LED flashlight?

Discussion in 'The Projects Forum' started by sheffner, Mar 9, 2012.

  1. sheffner

    Thread Starter New Member

    Oct 2, 2009
    14
    0
    I am attempting to make an LED flashlight utilizing 23-28 LEDs. The info on the LEDs is as follows: 25mA, 3.2-3.6v, 5mm, through hole. I am powering them with 4 c batteries in series for 6 volts and roughly 7800mAh. To limit current I am using 100 ohm, 1/4W resistors. Here is my issue:

    The LEDs are to be mounted on a round circuit board(copper pads on one side, plastic on the other). However, since each LED requires a resistor it is near impossible to solder and connect the LEDs and resistors as required on the same round board because things are crammed in so tightly.

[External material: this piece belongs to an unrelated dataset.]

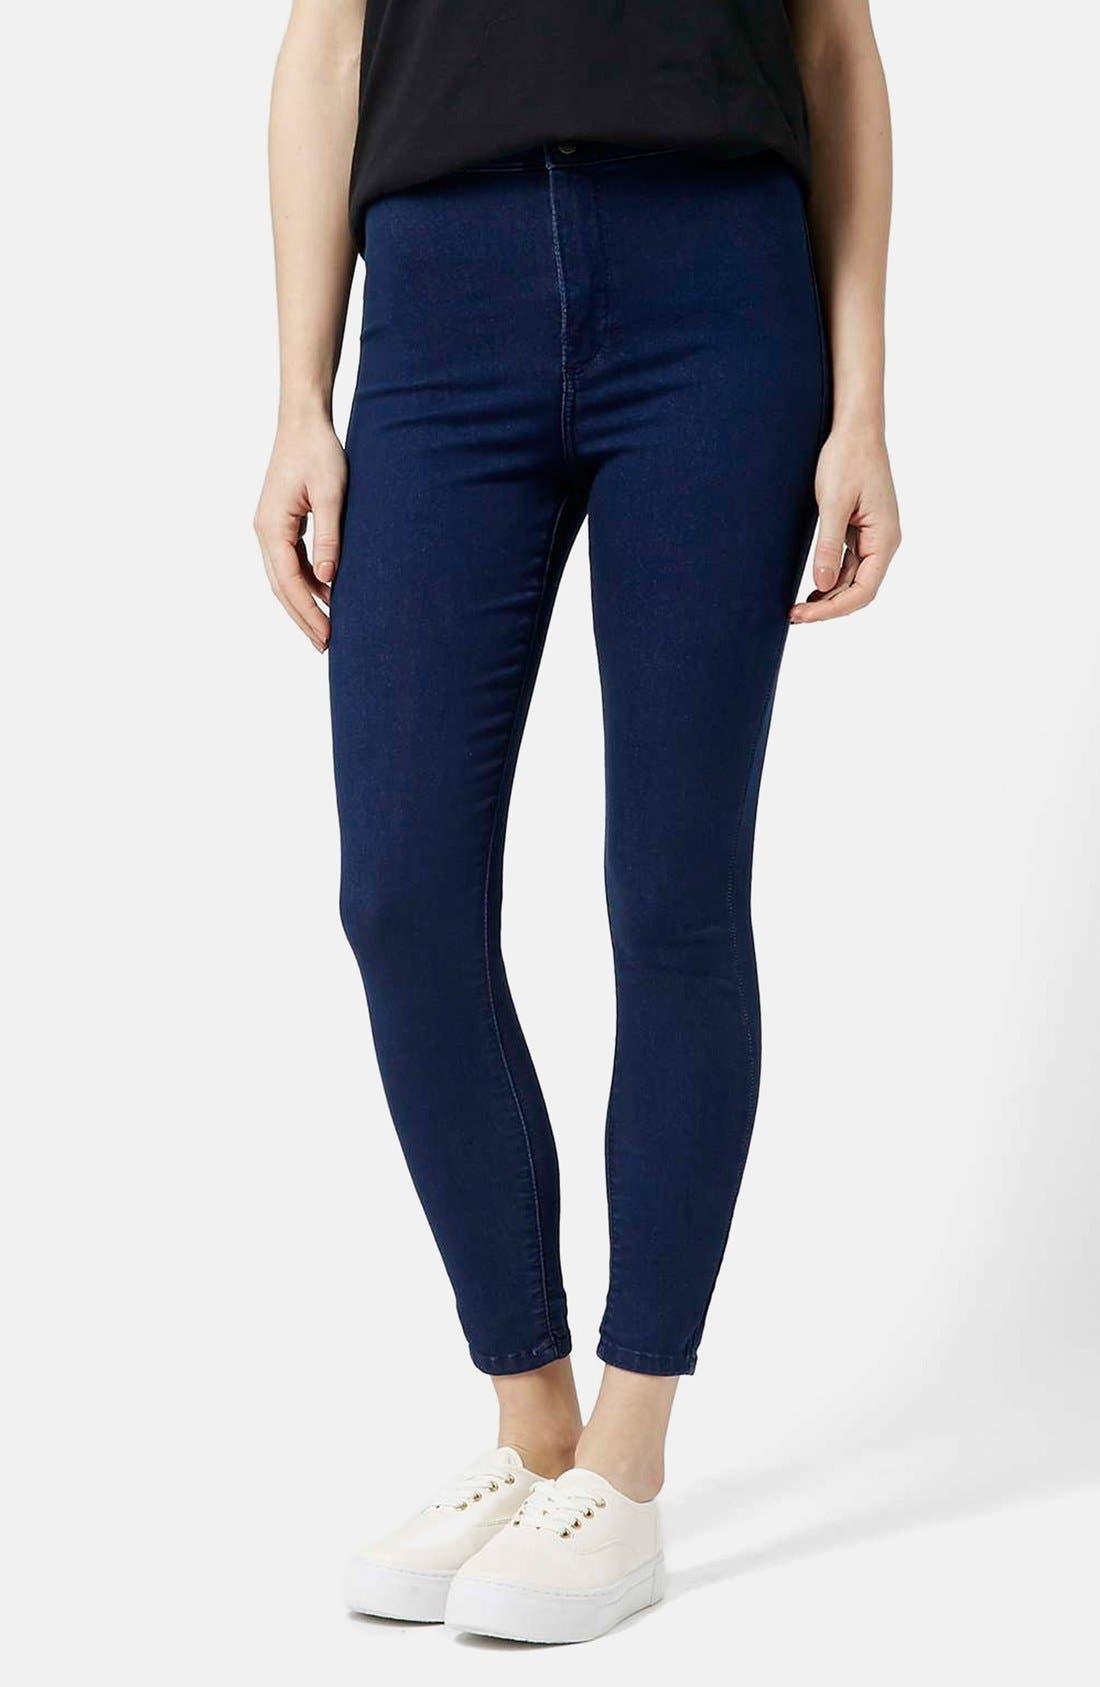 Alternate Image 1 Selected - Topshop Moto 'Joni' Ankle Skinny Jeans (Bright Blue) (Petite)

    My questions: Would it be possible to have the resistors on a different board entirely? If so, would the extra wire needed to wire them together draw too much current(or would that be voltage?)? Also, if I were to use an LED driver, how many of these LEDs can be connected to one driver? By using an LED driver would I still need to use resistors(if so than using the driver would be useless for this application, wouldn't it?) Also, I have read the LED tutorial and was unable to glean much from it, so please don't post that link as an answer because it doesn't really answer my questions. Any help would be much appreciated!
    Sincerely,

    SBH
     
  2. crutschow

    Expert

    Mar 14, 2008
    13,014
    3,234
    You can mount the resistors anywhere you have room. The extra wire length is no problem for such low currents and you can use small wire.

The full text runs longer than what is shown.